Using the listing, copy each whole line that features "casa".

───── Records for the exercise ─────

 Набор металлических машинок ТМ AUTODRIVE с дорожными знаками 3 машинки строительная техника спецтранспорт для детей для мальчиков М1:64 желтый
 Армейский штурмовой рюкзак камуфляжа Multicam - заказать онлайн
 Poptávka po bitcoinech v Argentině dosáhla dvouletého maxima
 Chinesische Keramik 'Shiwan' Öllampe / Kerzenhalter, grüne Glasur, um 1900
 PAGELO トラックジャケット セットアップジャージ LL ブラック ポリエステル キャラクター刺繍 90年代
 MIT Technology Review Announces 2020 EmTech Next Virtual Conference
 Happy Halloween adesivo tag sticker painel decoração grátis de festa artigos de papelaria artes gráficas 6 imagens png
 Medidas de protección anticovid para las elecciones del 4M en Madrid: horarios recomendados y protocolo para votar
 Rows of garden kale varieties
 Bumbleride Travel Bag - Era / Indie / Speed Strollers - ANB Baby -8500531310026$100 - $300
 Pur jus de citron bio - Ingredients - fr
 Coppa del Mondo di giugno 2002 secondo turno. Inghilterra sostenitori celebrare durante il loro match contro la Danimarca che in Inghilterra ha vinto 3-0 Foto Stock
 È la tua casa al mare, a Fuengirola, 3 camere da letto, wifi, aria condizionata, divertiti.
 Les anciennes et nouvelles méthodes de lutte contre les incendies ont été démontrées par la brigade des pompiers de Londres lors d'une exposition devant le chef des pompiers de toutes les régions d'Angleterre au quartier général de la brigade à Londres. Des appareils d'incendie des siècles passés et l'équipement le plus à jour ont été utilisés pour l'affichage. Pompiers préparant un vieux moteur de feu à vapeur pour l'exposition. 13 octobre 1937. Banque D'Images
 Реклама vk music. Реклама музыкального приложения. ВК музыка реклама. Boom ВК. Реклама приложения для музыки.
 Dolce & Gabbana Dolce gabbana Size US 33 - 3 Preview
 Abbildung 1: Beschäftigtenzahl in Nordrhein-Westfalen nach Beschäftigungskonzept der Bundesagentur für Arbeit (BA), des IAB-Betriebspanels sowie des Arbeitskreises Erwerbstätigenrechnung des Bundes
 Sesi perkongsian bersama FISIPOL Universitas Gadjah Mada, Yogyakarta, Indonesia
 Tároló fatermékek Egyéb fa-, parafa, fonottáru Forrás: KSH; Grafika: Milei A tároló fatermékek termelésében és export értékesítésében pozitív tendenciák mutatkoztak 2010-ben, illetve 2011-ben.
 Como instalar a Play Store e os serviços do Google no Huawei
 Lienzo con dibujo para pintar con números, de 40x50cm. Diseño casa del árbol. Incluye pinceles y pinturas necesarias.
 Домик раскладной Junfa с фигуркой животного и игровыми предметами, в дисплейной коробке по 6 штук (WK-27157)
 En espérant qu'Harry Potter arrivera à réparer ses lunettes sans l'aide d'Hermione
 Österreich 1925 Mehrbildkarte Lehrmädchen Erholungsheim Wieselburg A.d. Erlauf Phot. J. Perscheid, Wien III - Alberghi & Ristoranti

─────

### Result of this exercise
 È la tua casa al mare, a Fuengirola, 3 camere da letto, wifi, aria condizionata, divertiti.
 Lienzo con dibujo para pintar con números, de 40x50cm. Diseño casa del árbol. Incluye pinceles y pinturas necesarias.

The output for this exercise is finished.